Event extraction is a sub-task of information extraction in natural language processing by extracting relevant event information from unstructured text. In order to obtain the hot events related to electric power public opinion in a timely manner and assist electric power staff to make quick decisions, this article suggests a deep learning-based event extraction model for electric power public opinion, which is mainly composed of two parts, namely, an event detection model and an argumentative meta-role extraction model. The event detection model is further extracted by using the BLSTM model to obtain the specific event categories of electrical power viewpoint text, and the argumentative role extraction model is employed to extract the features of electric power opinion text by using the BLSTM-CRF model to obtain the argumentative roles included within the text. In this paper, we solve the problem of overlapping roles by using an innovative location indexing annotation method. Finally, the events contained in the power opinion text are extracted by the joint extraction of the event category and the theoretical roles.
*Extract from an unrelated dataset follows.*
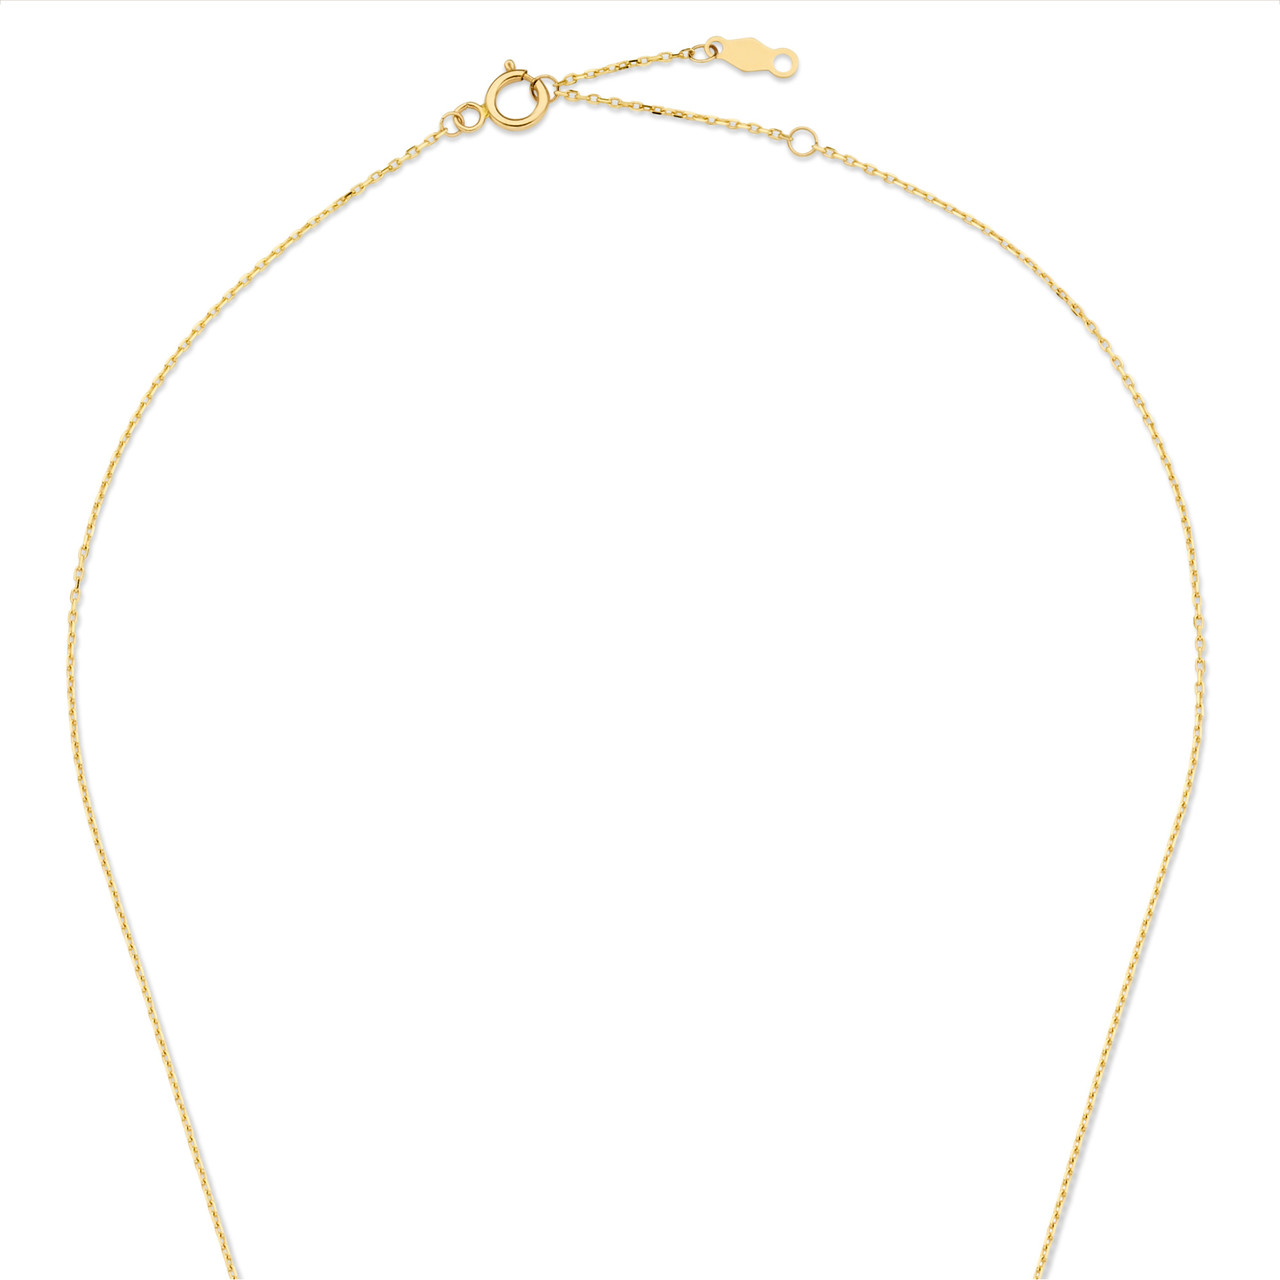 Isabel 14 Bernard IB340138 - gold necklace karat

By conducting experimental tests, this research proposes a model with superior performance in terms of event extraction outcomes and accuracy rate..
基于深度学习的电力舆情事件提取方法
事件提取是从非结构化文本中提取相关事件信息,是自然语言处理中信息提取的一个子任务。为了及时获取电力舆情热点事件,帮助电力工作人员快速决策,本文提出了一种基于深度学习的电力舆情事件提取模型,该模型主要由两部分组成,即事件检测模型和论证元角色提取模型。利用BLSTM模型进一步提取事件检测模型,得到电力观点文本的具体事件类别;利用BLSTM- crf模型进一步提取电力观点文本的特征,得到文本中包含的争论角色。本文采用一种新颖的位置索引标注方法,解决了角色重叠的问题。最后,通过事件类别和理论角色的联合提取,提取权力意见文本中包含的事件。通过实验测试,本研究提出的模型在事件提取结果和准确率方面都具有优异的性能。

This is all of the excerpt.